Previous research indicates that CBD may interfere with opioid binding by altering the shape of receptor sites, potentially enhancing the effectiveness of naloxone treatment. Dr. Straiker emphasizes the importance of exploring alternative approaches since naloxone remains the sole drug to reverse opioid overdoses.

Combating Fentanyl Overdose

Indiana University researchers have uncovered a promising breakthrough in treating drug overdoses, particularly from substances like fentanyl. Their study, featured in the Journal of Medicinal Chemistry on July 12, focuses on a modified form of cannabidiol, a cannabis-derived compound that may reverse overdose effects.


The researchers are optimistic that this discovery could pave the way for a novel approach to countering overdoses, either by developing a new product or by synergizing with naloxone, the widely used antidote for opiate overdoses.


The Canadian government's data reveals that approximately 20 people die daily from apparent opioid toxicity, with synthetic opioids, notably fentanyl, playing a significant role. While naloxone has been effective against opiate overdoses, it proves less potent when combating synthetic opioids within the fentanyl category.

To reverse the effects of an overdose, the body's opioid receptors require an alternative binding partner. The researchers found that synthetic opiates, including fentanyl, bind tightly to these receptors, making it challenging for naloxone to compete effectively.


In a fentanyl overdose, naloxone and fentanyl bind to different receptor sites, resulting in no competition. To address this, the researchers explored the potential of a negative allosteric modulator, aiming to reverse the effects of fentanyl and its impact on opioid receptors.

As per the University of Michigan, an allosteric modulator is a molecule that interacts with other molecules to influence their behavior.
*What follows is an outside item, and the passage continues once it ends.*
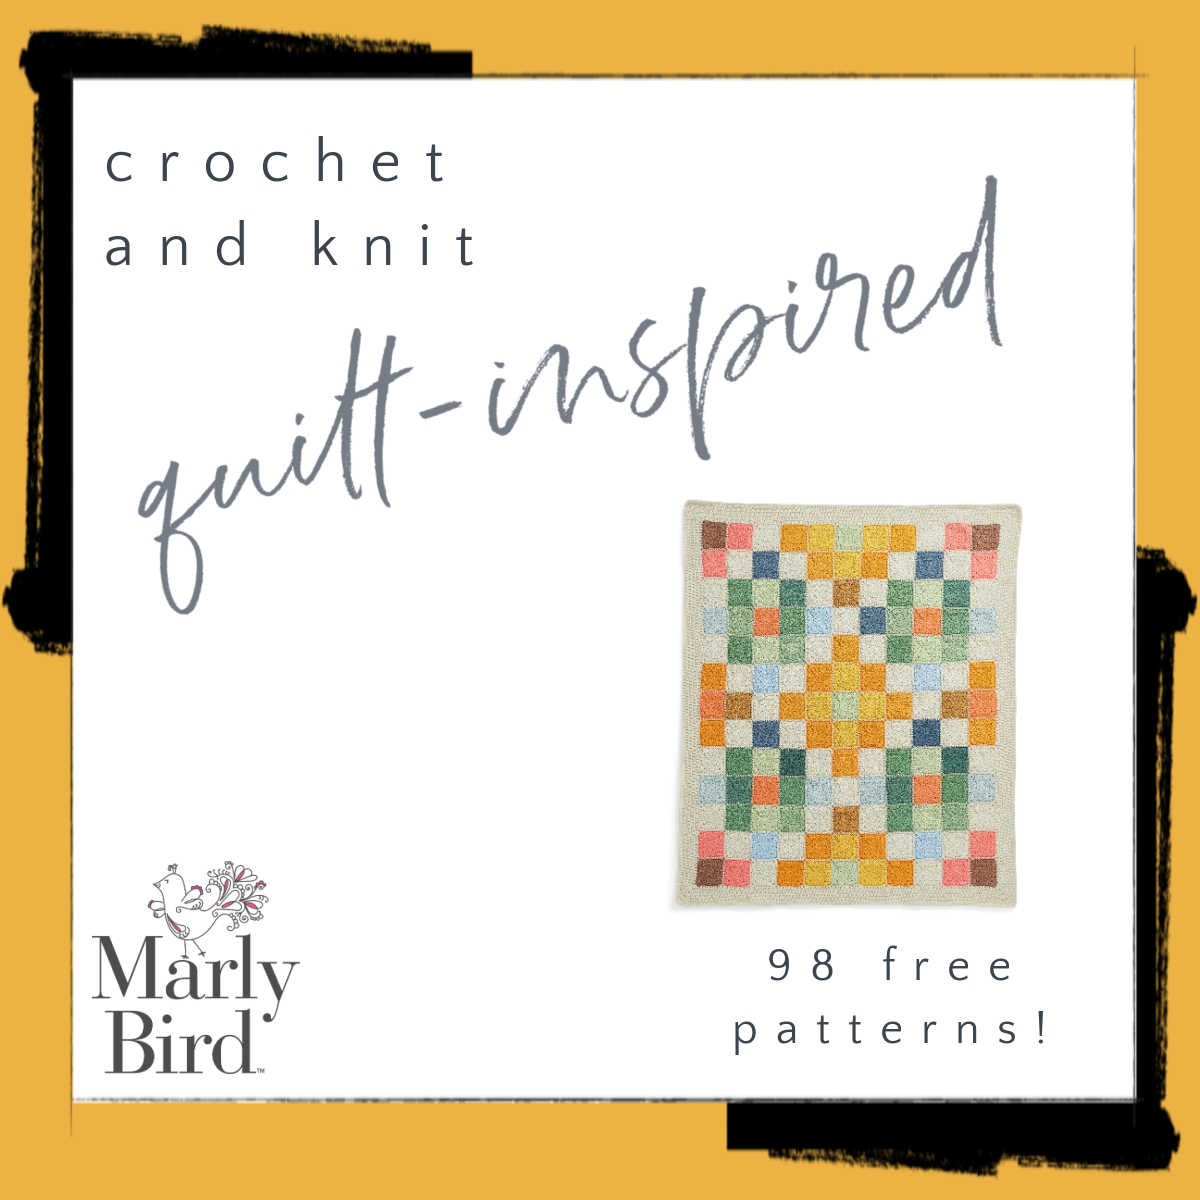 34 Free Applique Patterns to Crochet and Knit

To identify a potential solution for countering the effects of fentanyl, researchers evaluated 50 chemical compounds through experimentation. Among these compounds, cannabidiol (CBD) demonstrated the ability to act as a negative allosteric modulator at the binding site. However, initial testing required high concentrations of CBD.


After making modifications to enhance CBD's effectiveness, researchers successfully reversed the effects of fentanyl in blood or tissue samples.


"We've pinpointed essential structural components responsible for the desired antidote effect," explained Straiker. "Some of these compounds exhibit much greater potency than the lead compound. We've collaborated with another laboratory to model the binding site, which could aid in identifying additional promising compounds for further study."


The next crucial phase, as outlined in the study, involves testing these findings on live subjects to ascertain their ability to reverse respiratory depression, a critical aspect of drug overdoses.


The research conducted by Indiana University on a modified form of cannabidiol (CBD) as a potential antidote for fentanyl overdose holds excellent promise. The study's findings highlight the potential of CBD as a negative allosteric modulator capable of countering the effects of fentanyl. Further advancements in testing and modifications have shown encouraging results in reversing fentanyl's impact on blood and tissue samples.


As the research progresses, the next critical step involves testing these promising findings on live subjects to determine whether CBD can effectively reverse respiratory depression during drug overdoses. The potential implications of this breakthrough could pave the way for a novel approach to combating fentanyl-related overdoses and saving lives in the future.